• _Your instructions_: Nothing outside the range is to be copied. From the entries below, reproduce exactly the lines starting at the one with "three bottles of the lavender aromatic mist" and ending at the one with "Transferred Embryos", without pictures.

• _Exercise data_:
*** Block opens ***

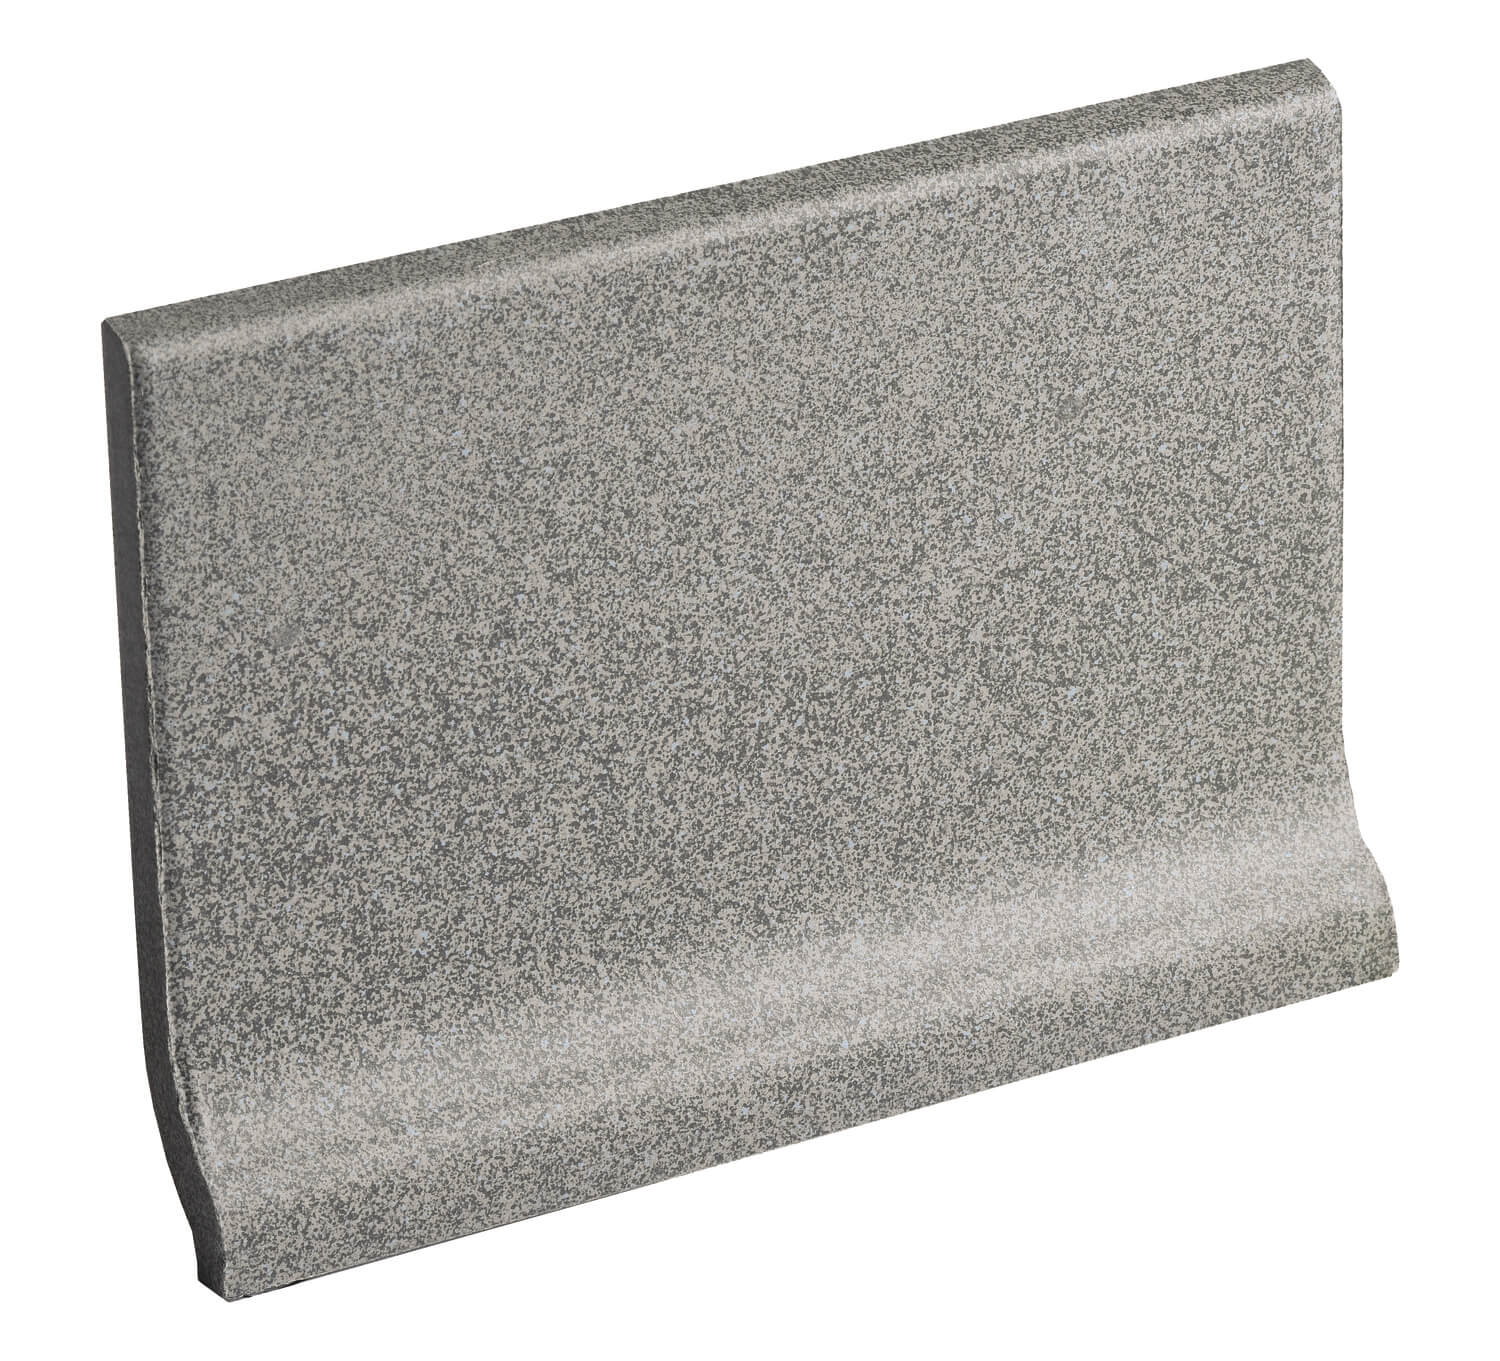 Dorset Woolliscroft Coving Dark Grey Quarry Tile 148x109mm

*** Block closes ***
*** Block opens ***

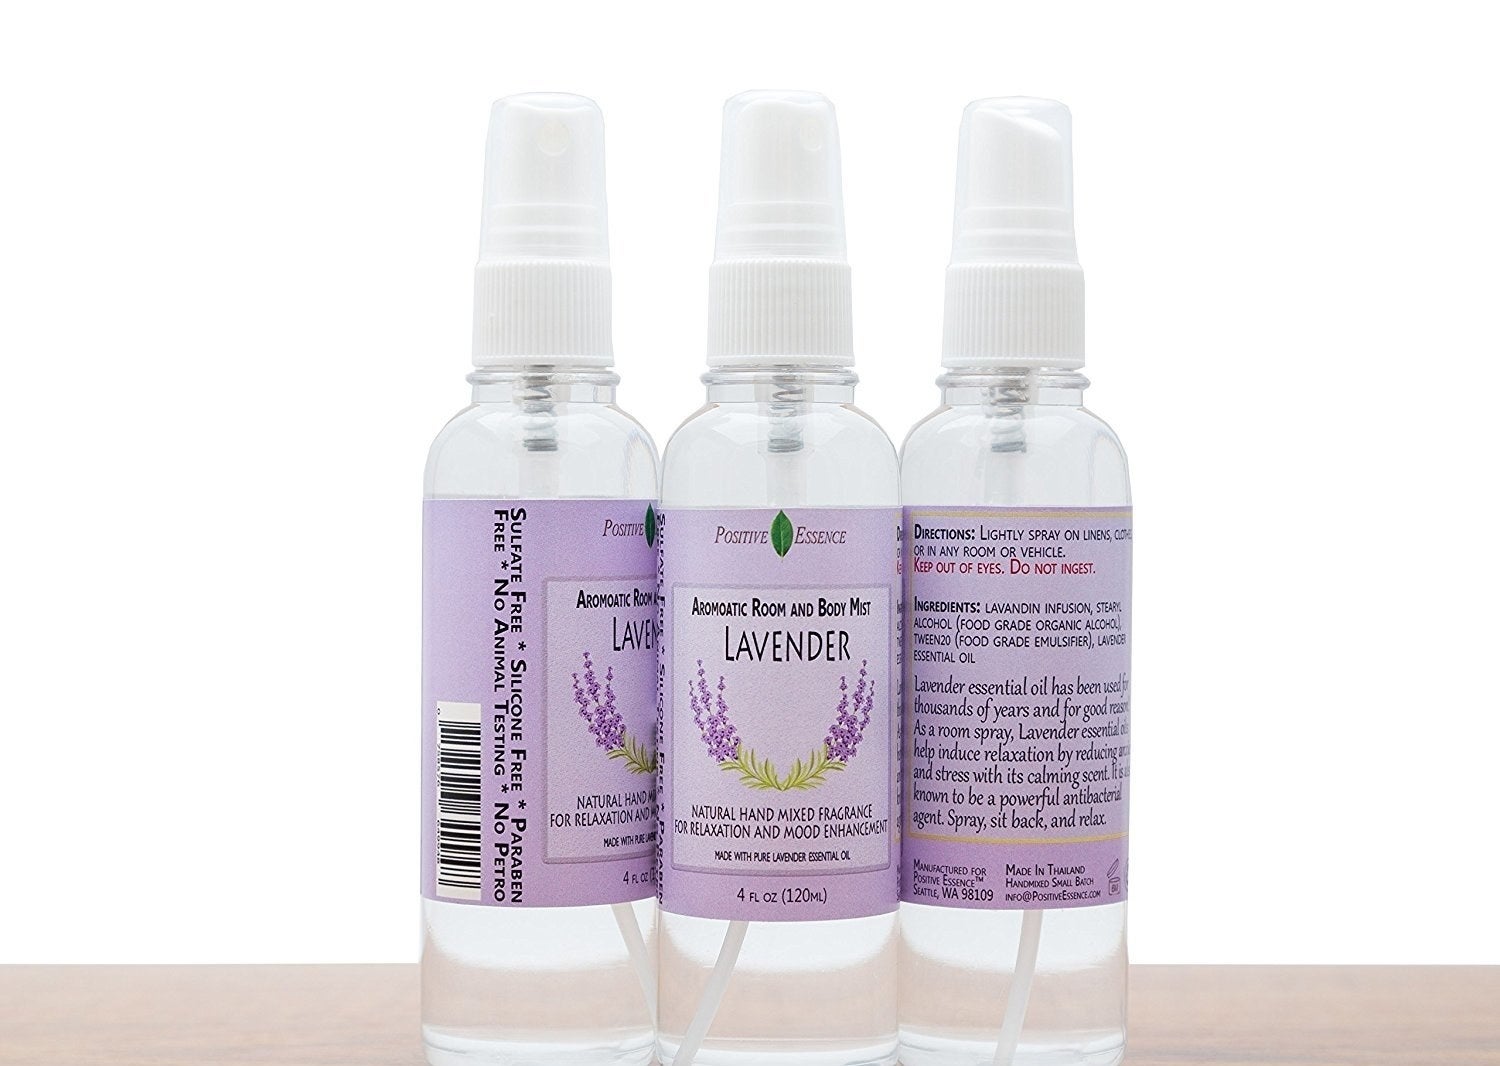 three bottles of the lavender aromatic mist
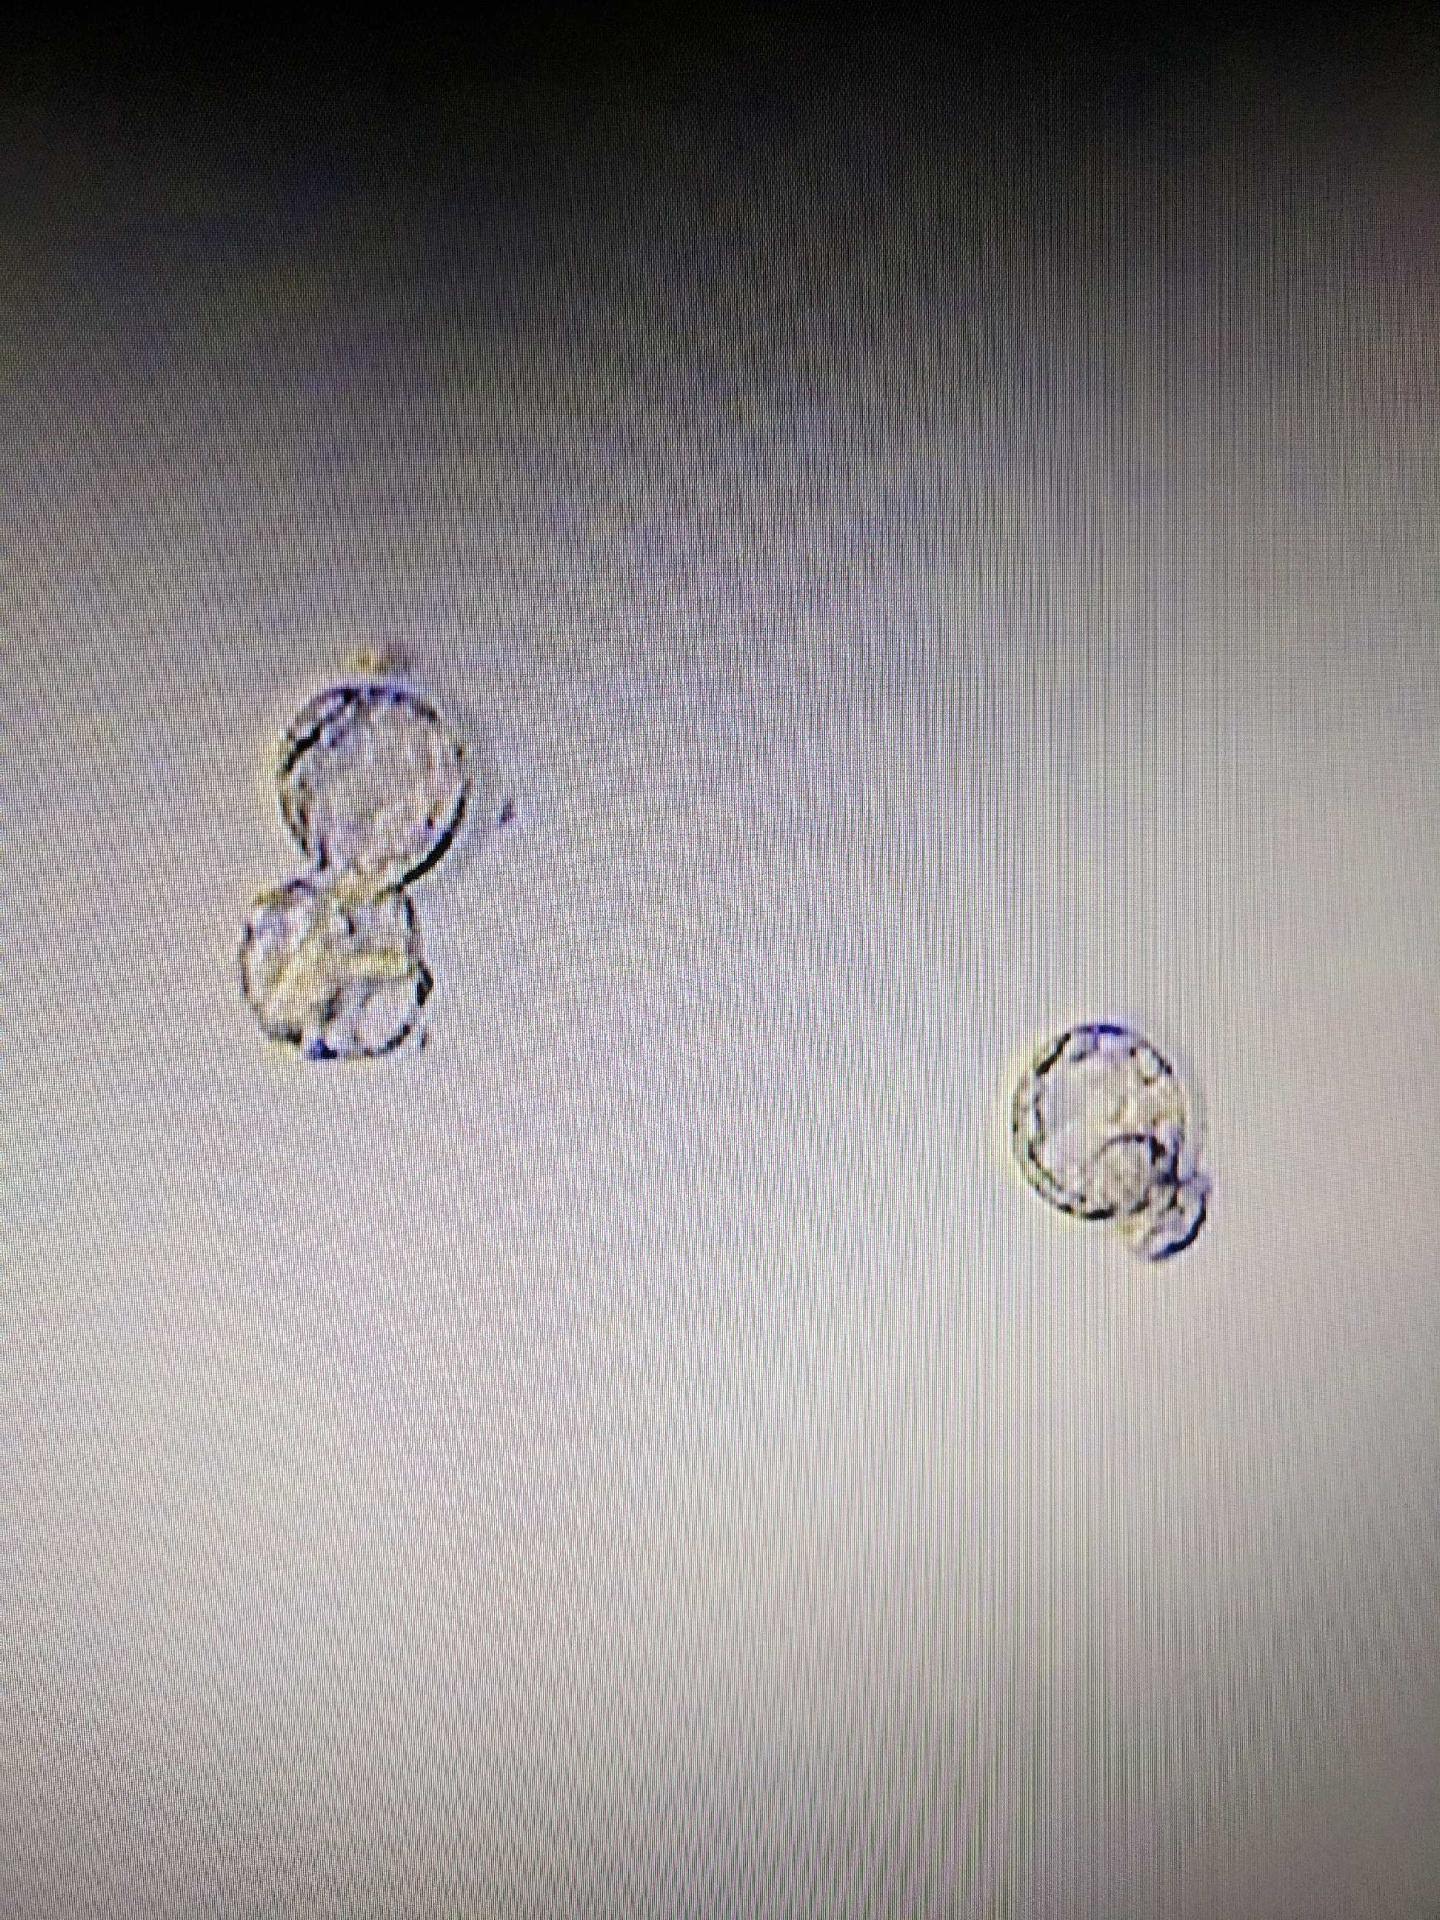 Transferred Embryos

*** Block closes ***

• _Answer box_:
 three bottles of the lavender aromatic mist
 Transferred Embryos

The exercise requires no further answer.